Intel's optimization manual does describe the L2 spatial prefetcher in SnB-family CPUs. Yes, it tries to complete 128B-aligned pairs of 64B lines, when there's spare memory bandwidth (off-core request tracking slots) when the first line is getting pulled in.
Your microbenchmark doesn't show any significant time difference between 64 vs. 128 byte separation. Without any actual false sharing (within the same 64 byte line), after some initial chaos, it quickly reaches a state where each core has exclusive ownership of the cache line it's modifying. That means no further L1d misses, thus no requests to L2 which would trigger the L2 spatial prefetcher.
Unlike if for example two pairs of threads contending over separate atomic<int> variables in adjacent (or not) cache lines. Or false-sharing with them. Then L2 spatial prefetching could couple the contention together, so all 4 threads are contending with each other instead of 2 independent pairs. Basically any case where cache lines actually are bouncing back and forth between cores, L2 spatial prefetching can make it worse if you aren't careful.
(The L2 prefetcher doesn't keep trying indefinitely to complete pairs of lines of every valid line it's caching; that would hurt cases like this where different cores are repeatedly touching adjacent lines, more than it helps anything.)
Understanding std::hardware_destructive_interference_size and std::hardware_constructive_interference_size includes an answer with a longer benchmark; I haven't looked at it recently, but I think it's supposed to demo destructive interference at 64 bytes but not 128. The answer there unfortunately doesn't mention L2 spatial prefetching as one of the effects that can cause some destructive interference (although not as much as a 128-byte line size in an outer level of cache, especially not if it's an inclusive cache).
Perf counters reveal a difference even with your benchmark
There is more initial chaos that we can measure with performance counters for your benchmark. On my i7-6700k (quad core Skylake with Hyperthreading; 4c8t, running Linux 5.16), I improved the source so I could compile with optimization without defeating the memory access, and with a CPP macro so I could set the stride (in bytes) from the compiler command line. Note the ~500 memory-order mis-speculation pipeline nukes (machine_clears.memory_ordering) when we use adjacent lines. Actual number is quite variable, from 200 to 850, but there's still negligible effect on the overall time.

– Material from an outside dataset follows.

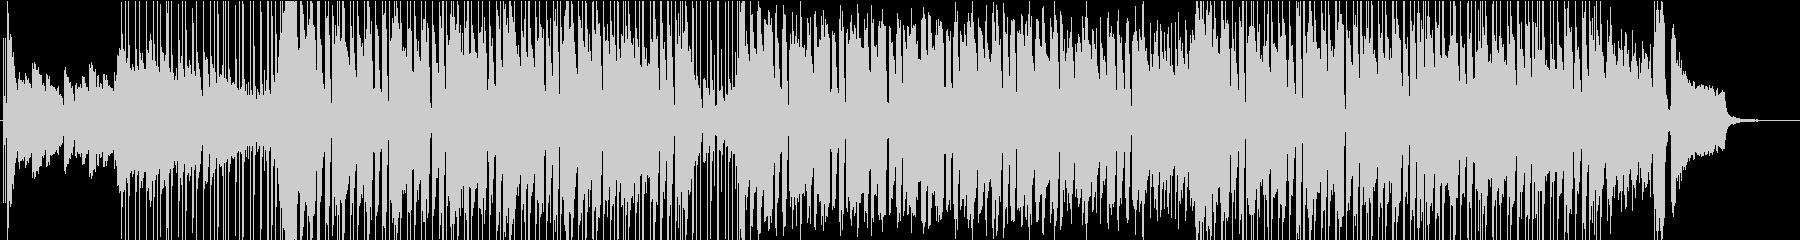 ポップ要素を多く含んだBGMの未再生の波形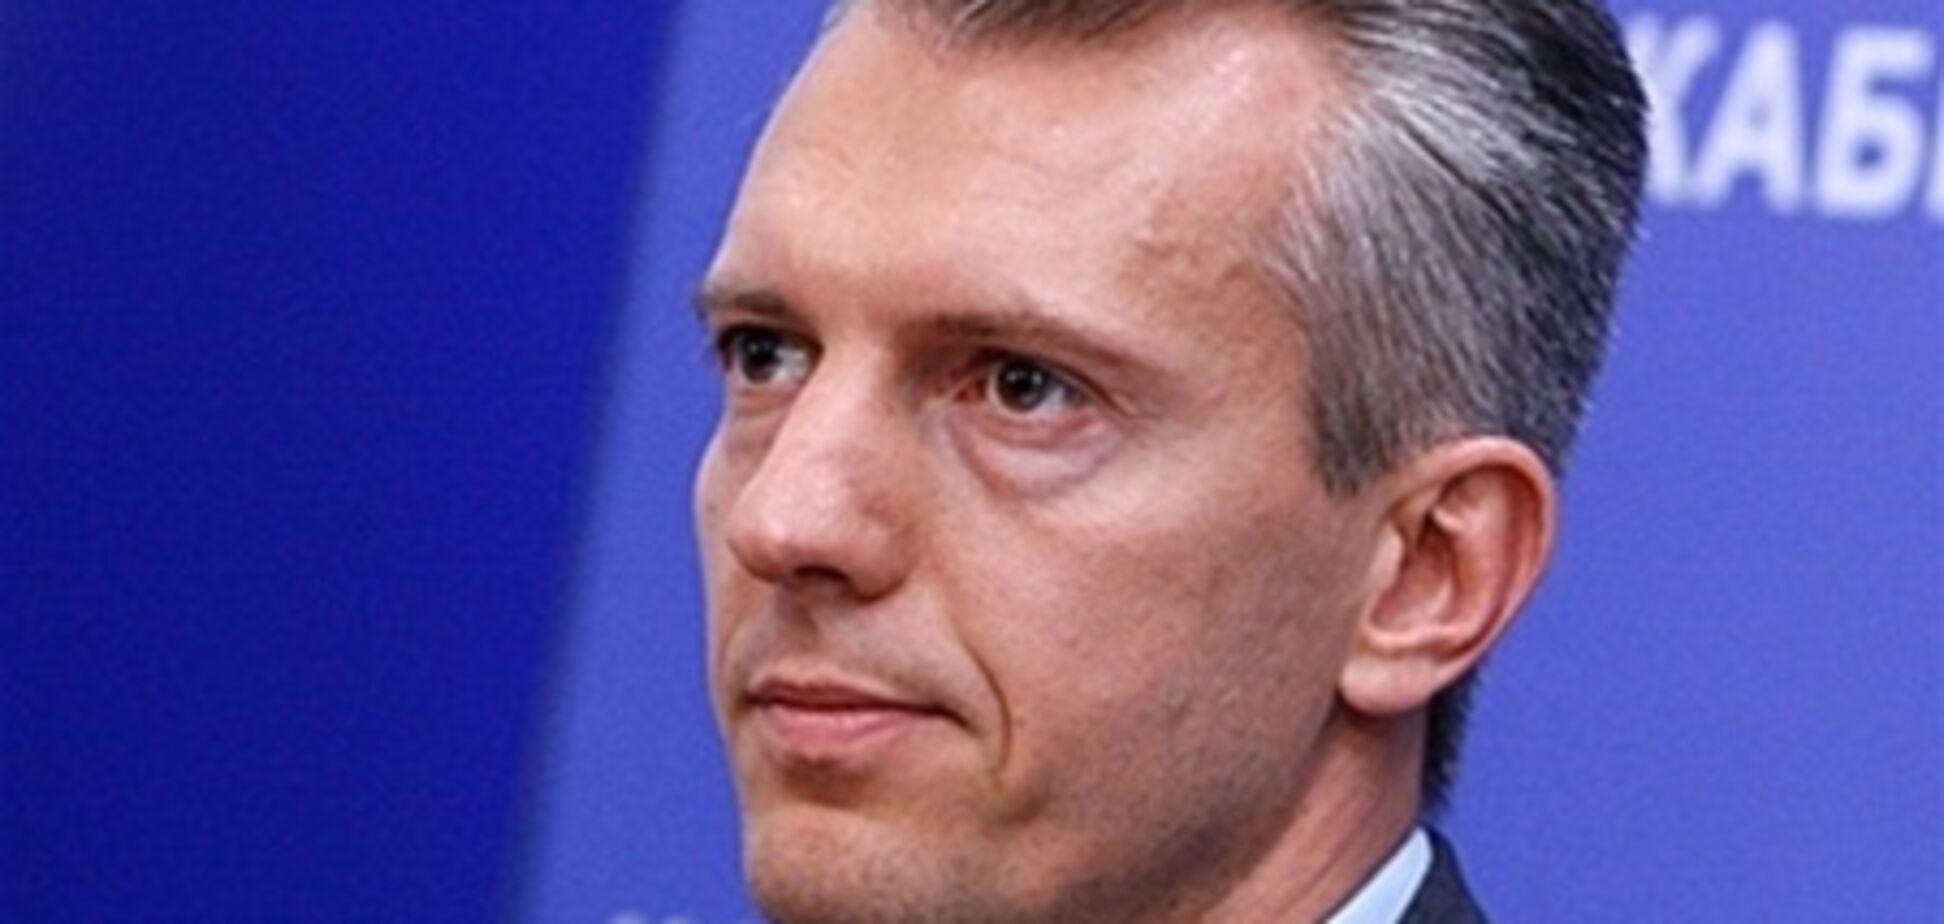 Хорошковський залишив Україну - ЗМІ

Adjacent lines, 500 +- 300 machine clears
$ g++ -DSIZE=64 -pthread -O2 false-share.cpp && perf stat --all-user -etask-clock,context-switches,cpu-migrations,page-faults,cycles,instructions,uops_issued.any,uops_executed.thread,machine_clears.memory_ordering -r25 ./a.out
Performance counter stats for './a.out' (25 runs):
560.22 msec task-clock # 3.958 CPUs utilized ( +- 0.12% )
0 context-switches # 0.000 /sec
0 cpu-migrations # 0.000 /sec
126 page-faults # 224.752 /sec ( +- 0.35% )
2,180,391,747 cycles # 3.889 GHz ( +- 0.12% )
2,003,039,378 instructions # 0.92 insn per cycle ( +- 0.00% )
1,604,118,661 uops_issued.any # 2.861 G/sec ( +- 0.00% )
2,003,739,959 uops_executed.thread # 3.574 G/sec ( +- 0.00% )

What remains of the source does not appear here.